%%

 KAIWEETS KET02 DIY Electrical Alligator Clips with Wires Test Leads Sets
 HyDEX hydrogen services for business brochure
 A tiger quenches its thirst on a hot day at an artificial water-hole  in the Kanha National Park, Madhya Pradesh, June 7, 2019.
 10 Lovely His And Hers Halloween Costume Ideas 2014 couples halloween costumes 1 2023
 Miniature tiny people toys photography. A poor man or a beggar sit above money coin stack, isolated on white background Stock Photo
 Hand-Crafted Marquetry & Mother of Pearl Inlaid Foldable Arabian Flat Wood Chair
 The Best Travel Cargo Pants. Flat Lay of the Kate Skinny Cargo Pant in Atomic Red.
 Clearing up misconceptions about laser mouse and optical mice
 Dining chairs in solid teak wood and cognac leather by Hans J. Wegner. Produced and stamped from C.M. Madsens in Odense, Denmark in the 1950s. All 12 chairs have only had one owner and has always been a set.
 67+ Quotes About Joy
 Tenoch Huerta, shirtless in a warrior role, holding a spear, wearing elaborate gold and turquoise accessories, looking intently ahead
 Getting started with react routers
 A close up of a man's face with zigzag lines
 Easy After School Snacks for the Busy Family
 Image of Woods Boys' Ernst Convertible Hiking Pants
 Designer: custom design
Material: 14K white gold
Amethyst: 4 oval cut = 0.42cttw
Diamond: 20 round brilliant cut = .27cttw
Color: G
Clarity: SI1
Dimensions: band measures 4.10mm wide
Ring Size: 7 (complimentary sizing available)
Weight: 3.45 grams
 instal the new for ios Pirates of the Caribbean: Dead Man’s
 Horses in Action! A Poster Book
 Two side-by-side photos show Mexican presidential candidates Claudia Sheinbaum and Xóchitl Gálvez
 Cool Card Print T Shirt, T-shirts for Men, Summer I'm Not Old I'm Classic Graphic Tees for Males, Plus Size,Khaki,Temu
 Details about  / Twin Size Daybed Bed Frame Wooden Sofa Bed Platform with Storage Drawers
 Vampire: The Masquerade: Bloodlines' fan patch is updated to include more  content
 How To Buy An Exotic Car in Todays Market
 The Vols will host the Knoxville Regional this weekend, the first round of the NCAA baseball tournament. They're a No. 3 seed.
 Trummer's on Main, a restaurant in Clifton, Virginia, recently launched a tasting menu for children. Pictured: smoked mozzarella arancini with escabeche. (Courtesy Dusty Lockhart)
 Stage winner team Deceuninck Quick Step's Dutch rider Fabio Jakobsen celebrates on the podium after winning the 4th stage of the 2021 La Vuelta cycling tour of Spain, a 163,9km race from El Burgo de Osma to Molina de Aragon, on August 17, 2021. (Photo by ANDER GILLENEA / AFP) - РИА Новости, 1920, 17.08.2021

%%

## [TRY IT]
A single number is the whole answer here: the number of lines in the data that include "gold".

## [ANSWER BELOW]
2